China’s live-streaming fashion boom woos Gen Z buyers with growing success
Chinese and global brands are turning to live-streaming internet platforms to expand their reach and generate higher sales in China. Consumers can comment and shop as they watch the broadcasts
We are sitting in a small office looking at ourselves on an iPhone screen, being broadcast live across the web to about 4,000 Pawnstar viewers in China. It’s midday and our unannounced, ad hoc show is drawing far fewer viewers than the usual scheduled ones, says Jane Jia, owner and founder of Pawnstar.
Don’t let the shop’s eyebrow-raising name fool you, this is not that kind of live show. Live-streaming platforms have been popular in China since they first appeared about six years ago, but in the last three years, the medium has exploded. Since 2016, this second-hand fashion and accessories store in Shanghai has been selling via live streaming. Its customers are mostly women living in second-tier cities across China, usually aged between 20 and 35, who shop most after work hours.
Chinese live streaming has proven useful and lucrative for both small boutiques and huge brands such as Armani, Macy’s and health products company GNC. According to Alibaba (owner of the South China Morning Post), which launched live streaming on its Taobao platforms in May 2016, about 80 per cent of the viewers are female, about half are Generation Z (post-millennials), and they shop largely between 8pm and 10pm.
Pawnstar uses a WeChat mini-program, supported by Muogujie.com, to live-stream to about 20,000 to 30,000 people a session, four times a week. The broadcasts bring in 30 per cent of the business’ total revenue.
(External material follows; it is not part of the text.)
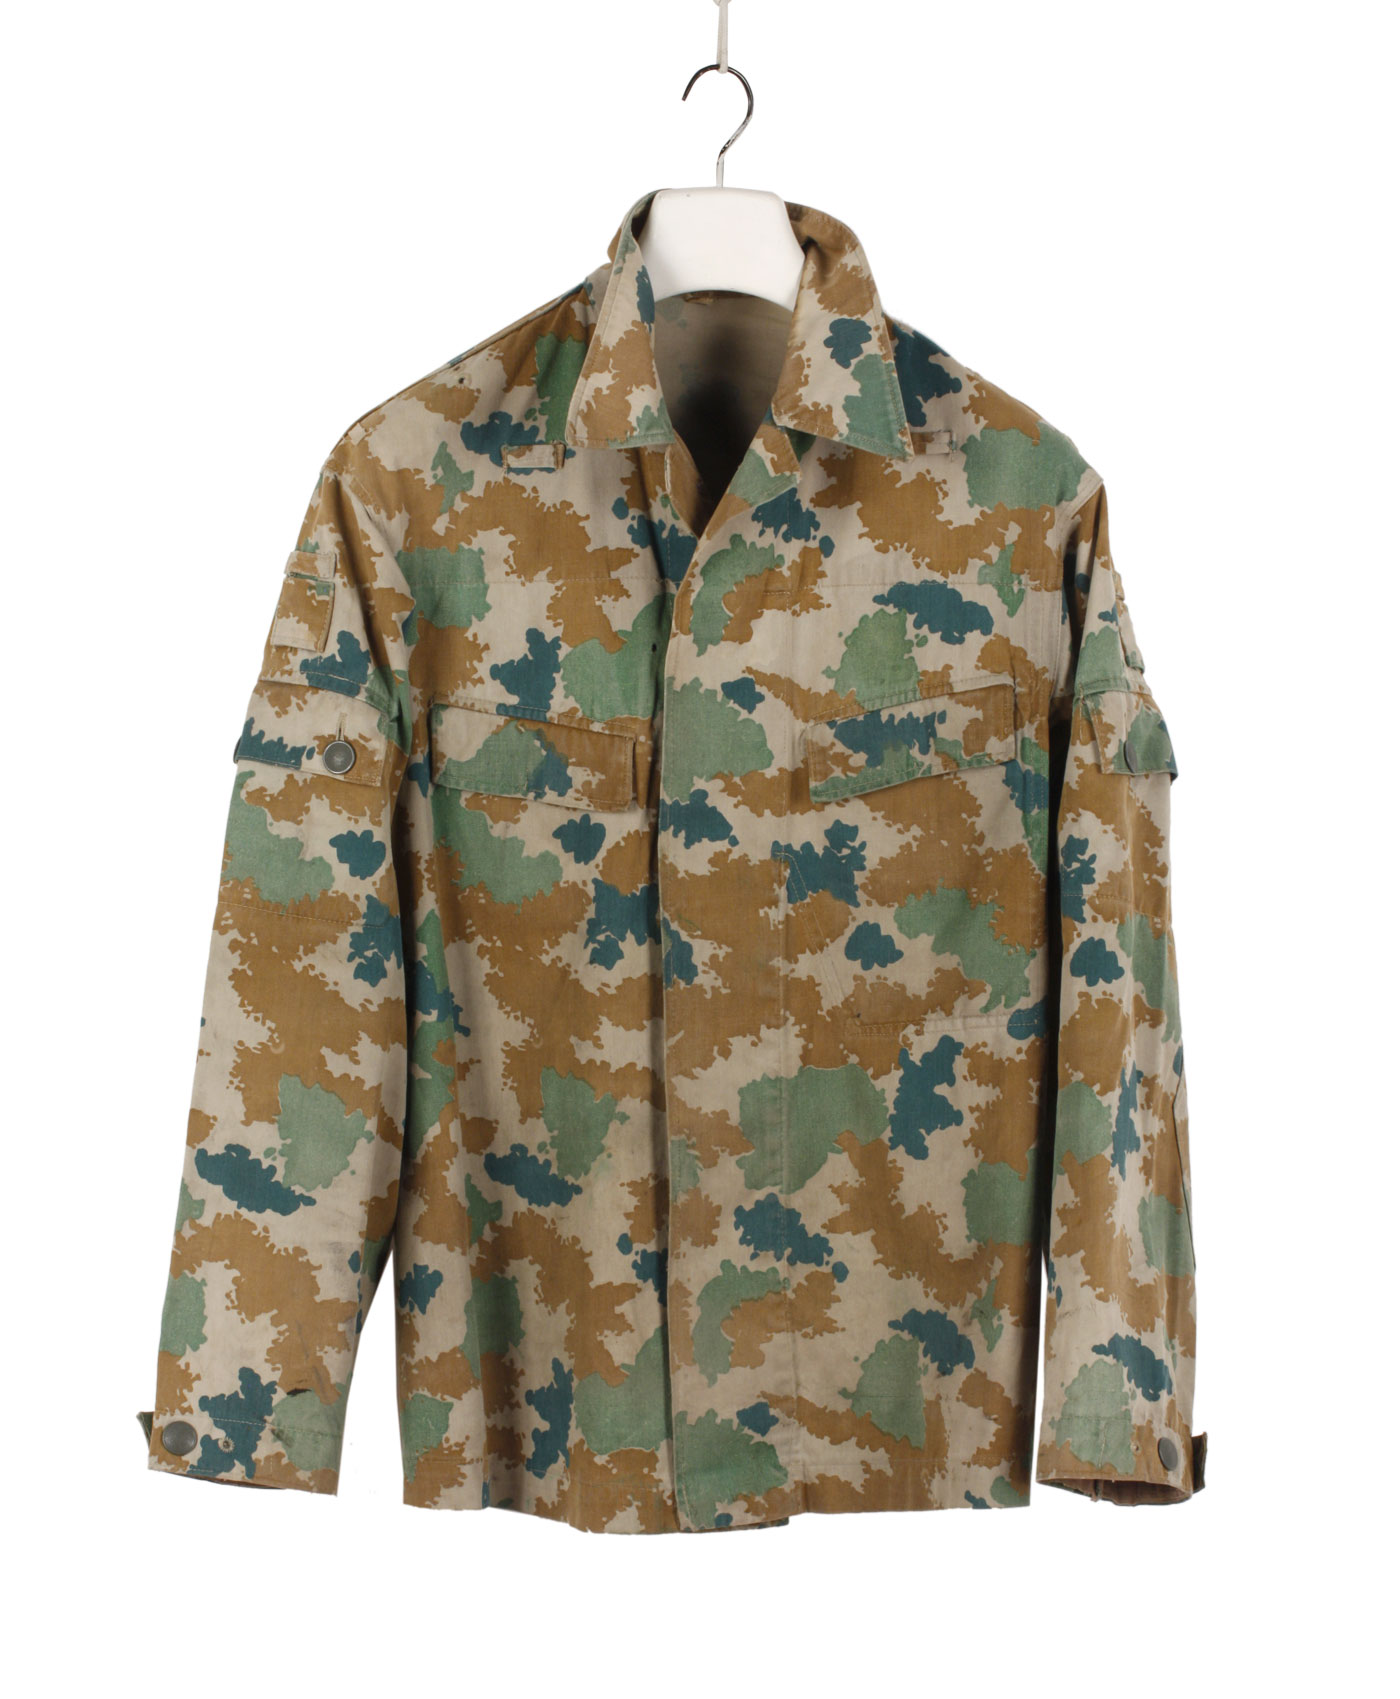 German Military Camouflage jacket ’70/80s

Viewer numbers for major broadcasts can rise into the tens of millions. A live-streamed show on March 31 during Shanghai Fashion Week, Tmall x Labelhood – a collaboration between an e-commerce platform and an independent showcasing platform – attracted almost 90 million views. It’s the kind of reach that would previously have been impossible for many independent designers such as Ejing Zhang, whose jewellery pop-up was featured in a 10-minute segment.